• Your objective: Every record is to be transcribed exactly as written.

• Source records:
———

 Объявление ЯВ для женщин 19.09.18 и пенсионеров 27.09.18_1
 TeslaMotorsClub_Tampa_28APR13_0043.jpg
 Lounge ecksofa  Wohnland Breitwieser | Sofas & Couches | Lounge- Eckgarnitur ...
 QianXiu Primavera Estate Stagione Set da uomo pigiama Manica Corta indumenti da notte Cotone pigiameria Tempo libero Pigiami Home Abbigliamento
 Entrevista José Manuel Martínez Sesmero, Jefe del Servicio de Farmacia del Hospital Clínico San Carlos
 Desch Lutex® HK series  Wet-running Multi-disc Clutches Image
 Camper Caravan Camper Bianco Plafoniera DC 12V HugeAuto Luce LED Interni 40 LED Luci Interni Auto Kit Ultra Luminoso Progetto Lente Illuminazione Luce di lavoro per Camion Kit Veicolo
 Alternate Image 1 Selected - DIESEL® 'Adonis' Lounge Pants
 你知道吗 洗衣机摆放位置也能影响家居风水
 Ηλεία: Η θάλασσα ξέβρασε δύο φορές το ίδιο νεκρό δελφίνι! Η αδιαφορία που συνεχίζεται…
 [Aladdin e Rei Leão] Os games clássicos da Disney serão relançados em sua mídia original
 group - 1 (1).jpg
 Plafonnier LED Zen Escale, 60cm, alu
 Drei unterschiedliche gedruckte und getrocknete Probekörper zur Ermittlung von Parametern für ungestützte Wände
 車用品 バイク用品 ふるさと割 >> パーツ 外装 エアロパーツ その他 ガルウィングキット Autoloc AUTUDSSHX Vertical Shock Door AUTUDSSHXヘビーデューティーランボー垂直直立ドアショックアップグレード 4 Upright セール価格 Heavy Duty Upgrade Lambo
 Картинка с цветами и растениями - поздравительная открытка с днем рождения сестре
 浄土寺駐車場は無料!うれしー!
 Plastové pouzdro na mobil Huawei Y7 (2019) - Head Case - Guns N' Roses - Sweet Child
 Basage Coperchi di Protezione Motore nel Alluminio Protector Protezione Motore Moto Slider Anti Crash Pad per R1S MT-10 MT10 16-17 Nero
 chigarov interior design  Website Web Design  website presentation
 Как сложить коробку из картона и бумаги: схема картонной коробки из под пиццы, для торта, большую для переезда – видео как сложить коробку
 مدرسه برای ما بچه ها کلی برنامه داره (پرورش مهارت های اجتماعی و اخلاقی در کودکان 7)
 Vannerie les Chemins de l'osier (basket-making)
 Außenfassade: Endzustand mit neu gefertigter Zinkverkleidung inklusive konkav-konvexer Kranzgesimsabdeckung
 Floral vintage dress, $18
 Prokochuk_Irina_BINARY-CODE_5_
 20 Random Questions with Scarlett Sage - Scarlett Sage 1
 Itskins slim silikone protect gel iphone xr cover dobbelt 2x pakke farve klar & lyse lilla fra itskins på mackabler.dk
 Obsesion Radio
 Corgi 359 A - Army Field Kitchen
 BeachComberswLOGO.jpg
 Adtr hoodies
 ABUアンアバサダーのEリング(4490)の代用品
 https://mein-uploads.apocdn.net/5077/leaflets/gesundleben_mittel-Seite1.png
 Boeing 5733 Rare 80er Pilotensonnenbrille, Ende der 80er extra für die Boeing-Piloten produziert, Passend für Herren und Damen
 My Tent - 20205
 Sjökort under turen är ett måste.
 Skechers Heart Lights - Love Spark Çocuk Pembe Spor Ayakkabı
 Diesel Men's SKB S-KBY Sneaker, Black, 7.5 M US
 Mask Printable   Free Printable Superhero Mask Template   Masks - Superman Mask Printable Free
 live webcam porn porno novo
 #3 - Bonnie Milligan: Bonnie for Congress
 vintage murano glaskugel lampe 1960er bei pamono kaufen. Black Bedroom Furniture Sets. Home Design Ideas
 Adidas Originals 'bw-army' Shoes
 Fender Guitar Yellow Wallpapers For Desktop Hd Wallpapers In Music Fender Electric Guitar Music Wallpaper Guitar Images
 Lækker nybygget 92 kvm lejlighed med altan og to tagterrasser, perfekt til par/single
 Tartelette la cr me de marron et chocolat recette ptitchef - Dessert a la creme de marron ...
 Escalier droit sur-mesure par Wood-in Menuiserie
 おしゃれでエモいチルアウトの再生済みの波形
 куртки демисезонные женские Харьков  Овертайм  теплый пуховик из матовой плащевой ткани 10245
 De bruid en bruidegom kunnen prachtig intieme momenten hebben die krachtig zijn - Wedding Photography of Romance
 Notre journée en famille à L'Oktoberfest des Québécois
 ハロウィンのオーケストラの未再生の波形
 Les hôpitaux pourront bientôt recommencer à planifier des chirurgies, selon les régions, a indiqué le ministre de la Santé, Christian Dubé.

———

• Response for this exercise:
 Объявление ЯВ для женщин 19.09.18 и пенсионеров 27.09.18_1
 TeslaMotorsClub_Tampa_28APR13_0043.jpg
 Lounge ecksofa  Wohnland Breitwieser | Sofas & Couches | Lounge- Eckgarnitur ...
 QianXiu Primavera Estate Stagione Set da uomo pigiama Manica Corta indumenti da notte Cotone pigiameria Tempo libero Pigiami Home Abbigliamento
 Entrevista José Manuel Martínez Sesmero, Jefe del Servicio de Farmacia del Hospital Clínico San Carlos
 Desch Lutex® HK series  Wet-running Multi-disc Clutches Image
 Camper Caravan Camper Bianco Plafoniera DC 12V HugeAuto Luce LED Interni 40 LED Luci Interni Auto Kit Ultra Luminoso Progetto Lente Illuminazione Luce di lavoro per Camion Kit Veicolo
 Alternate Image 1 Selected - DIESEL® 'Adonis' Lounge Pants
 你知道吗 洗衣机摆放位置也能影响家居风水
 Ηλεία: Η θάλασσα ξέβρασε δύο φορές το ίδιο νεκρό δελφίνι! Η αδιαφορία που συνεχίζεται…
 [Aladdin e Rei Leão] Os games clássicos da Disney serão relançados em sua mídia original
 group - 1 (1).jpg
 Plafonnier LED Zen Escale, 60cm, alu
 Drei unterschiedliche gedruckte und getrocknete Probekörper zur Ermittlung von Parametern für ungestützte Wände
 車用品 バイク用品 ふるさと割 >> パーツ 外装 エアロパーツ その他 ガルウィングキット Autoloc AUTUDSSHX Vertical Shock Door AUTUDSSHXヘビーデューティーランボー垂直直立ドアショックアップグレード 4 Upright セール価格 Heavy Duty Upgrade Lambo
 Картинка с цветами и растениями - поздравительная открытка с днем рождения сестре
 浄土寺駐車場は無料!うれしー!
 Plastové pouzdro na mobil Huawei Y7 (2019) - Head Case - Guns N' Roses - Sweet Child
 Basage Coperchi di Protezione Motore nel Alluminio Protector Protezione Motore Moto Slider Anti Crash Pad per R1S MT-10 MT10 16-17 Nero
 chigarov interior design  Website Web Design  website presentation
 Как сложить коробку из картона и бумаги: схема картонной коробки из под пиццы, для торта, большую для переезда – видео как сложить коробку
 مدرسه برای ما بچه ها کلی برنامه داره (پرورش مهارت های اجتماعی و اخلاقی در کودکان 7)
 Vannerie les Chemins de l'osier (basket-making)
 Außenfassade: Endzustand mit neu gefertigter Zinkverkleidung inklusive konkav-konvexer Kranzgesimsabdeckung
 Floral vintage dress, $18
 Prokochuk_Irina_BINARY-CODE_5_
 20 Random Questions with Scarlett Sage - Scarlett Sage 1
 Itskins slim silikone protect gel iphone xr cover dobbelt 2x pakke farve klar & lyse lilla fra itskins på mackabler.dk
 Obsesion Radio
 Corgi 359 A - Army Field Kitchen
 BeachComberswLOGO.jpg
 Adtr hoodies
 ABUアンアバサダーのEリング(4490)の代用品
 https://mein-uploads.apocdn.net/5077/leaflets/gesundleben_mittel-Seite1.png
 Boeing 5733 Rare 80er Pilotensonnenbrille, Ende der 80er extra für die Boeing-Piloten produziert, Passend für Herren und Damen
 My Tent - 20205
 Sjökort under turen är ett måste.
 Skechers Heart Lights - Love Spark Çocuk Pembe Spor Ayakkabı
 Diesel Men's SKB S-KBY Sneaker, Black, 7.5 M US
 Mask Printable   Free Printable Superhero Mask Template   Masks - Superman Mask Printable Free
 live webcam porn porno novo
 #3 - Bonnie Milligan: Bonnie for Congress
 vintage murano glaskugel lampe 1960er bei pamono kaufen. Black Bedroom Furniture Sets. Home Design Ideas
 Adidas Originals 'bw-army' Shoes
 Fender Guitar Yellow Wallpapers For Desktop Hd Wallpapers In Music Fender Electric Guitar Music Wallpaper Guitar Images
 Lækker nybygget 92 kvm lejlighed med altan og to tagterrasser, perfekt til par/single
 Tartelette la cr me de marron et chocolat recette ptitchef - Dessert a la creme de marron ...
 Escalier droit sur-mesure par Wood-in Menuiserie
 おしゃれでエモいチルアウトの再生済みの波形
 куртки демисезонные женские Харьков  Овертайм  теплый пуховик из матовой плащевой ткани 10245
 De bruid en bruidegom kunnen prachtig intieme momenten hebben die krachtig zijn - Wedding Photography of Romance
 Notre journée en famille à L'Oktoberfest des Québécois
 ハロウィンのオーケストラの未再生の波形
 Les hôpitaux pourront bientôt recommencer à planifier des chirurgies, selon les régions, a indiqué le ministre de la Santé, Christian Dubé.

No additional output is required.